When the investigator requested permission to search the home and interview the family’s other children, Mrs. Berryman exercised her Fourth Amendment right to withhold consent. In response, the investigator obtained a court order compelling the Berrymans to allow her to search the house and even authorizing her to remove their children to a separate location for an interview.
“It’s fitting that our brief was filed on the anniversary of the signing of the Constitution,” said Andrew Brown, distinguished senior fellow of child and family policy at the Texas Public Policy Foundation. “The Department often uses this vague statute as a way to get around basic Fourth Amendment protections against unreasonable searches and seizures. The Constitution was written to secure the blessings of liberty to the people. Our brief reminds the Department that it applies to them.”
The family filed a petition for a writ of mandamus in opposition the trial court’s unconstitutional order. It is currently pending before the Twelfth Court of Appeals.

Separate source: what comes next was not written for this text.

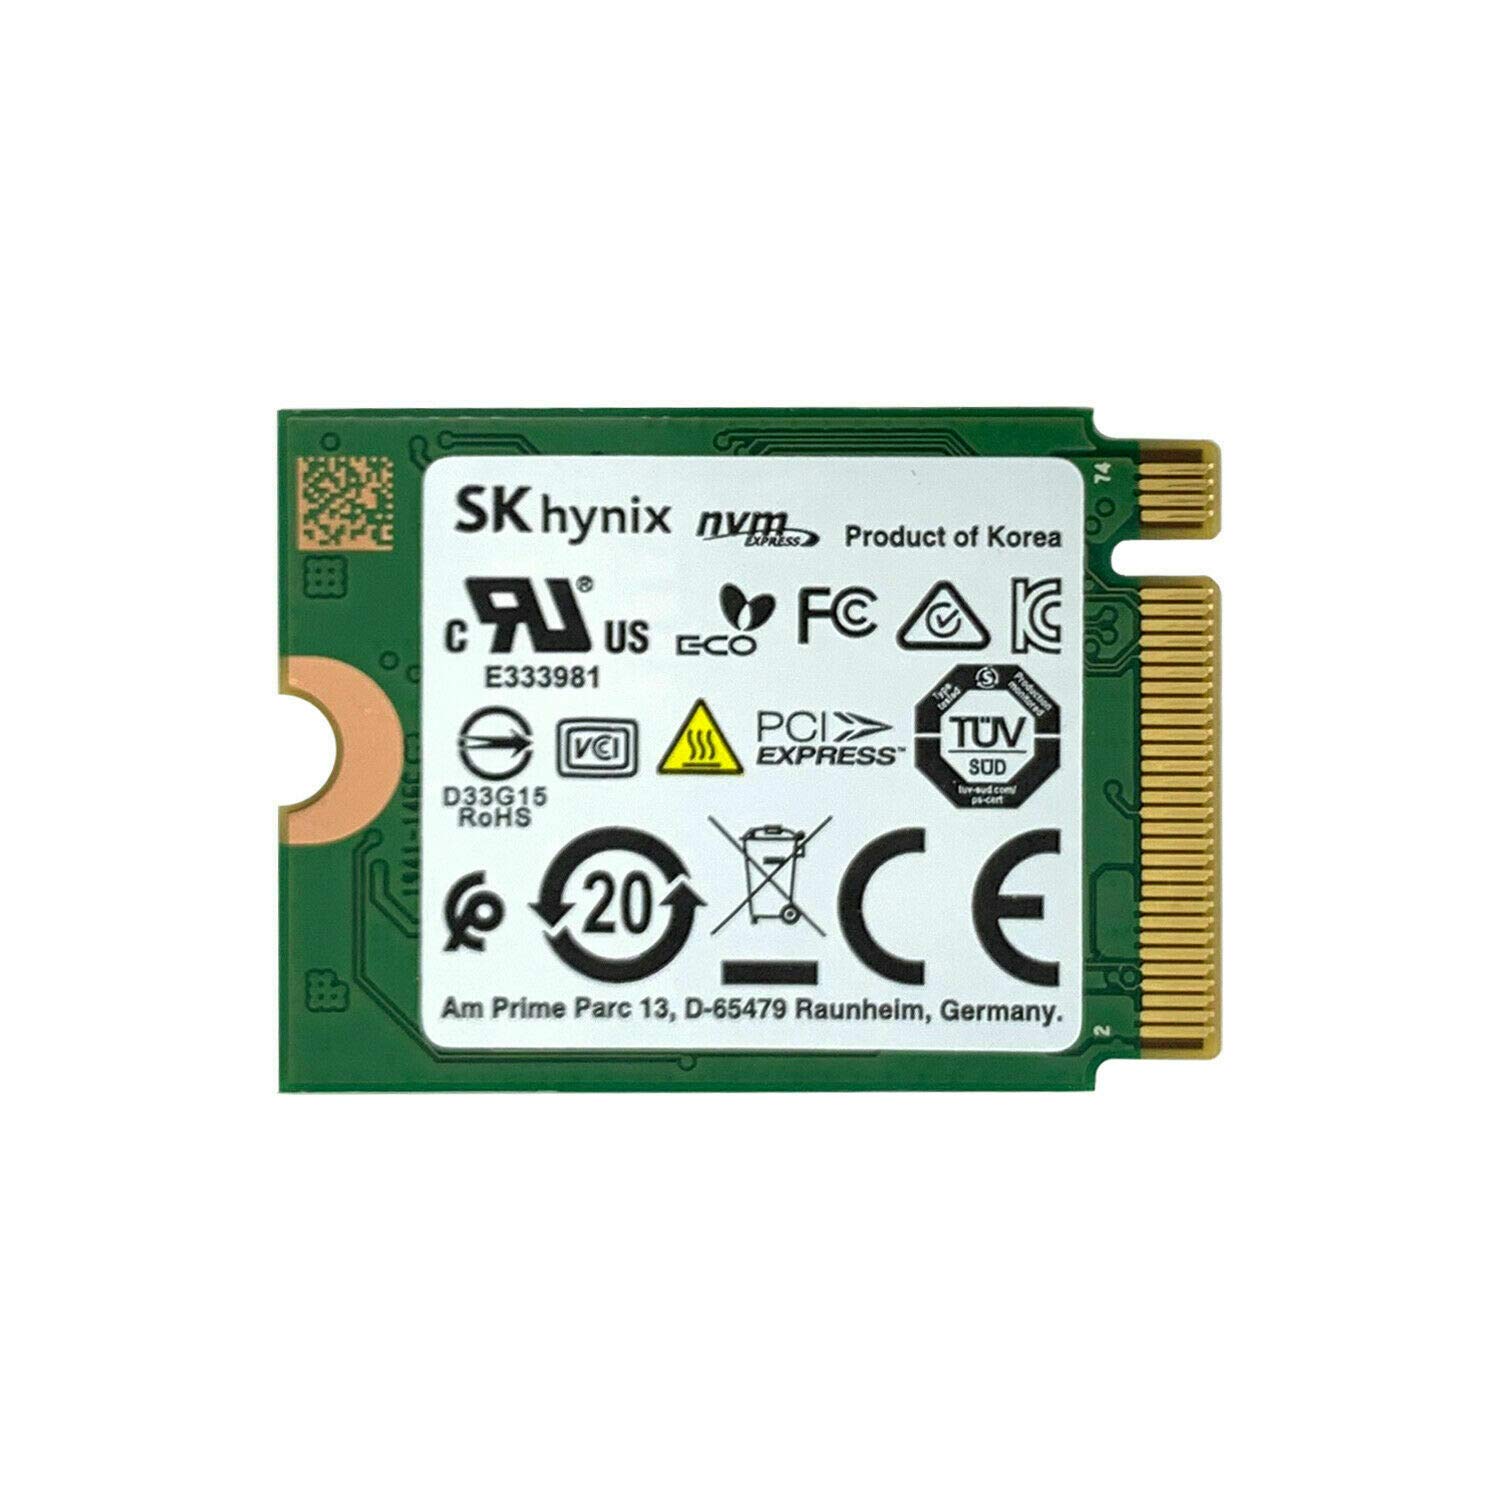 66 SkHynix 256GB PCIe NVMe 2230 SSD (HFM256GDGTINI) (OEM)

“This mandamus proceeding affords the appellate court an opportunity to affirm protections for parental rights inherent in the constitutions of Texas and the United States,” said TPPF General Counsel Robert Henneke. “CPS does not have unlimited power, and it is right for the courts to check the abuse of discretion of both the trial court and the department.”
“All too often, the Department and lower court judges treat family law proceedings as if they are somehow exempt from traditional constitutional restraints,” said Chance Weldon, a TPPF attorney. “They are not. And this proceeding gives the appellate court the chance to say so.”
The family is represented by the Home School Legal Defense Association.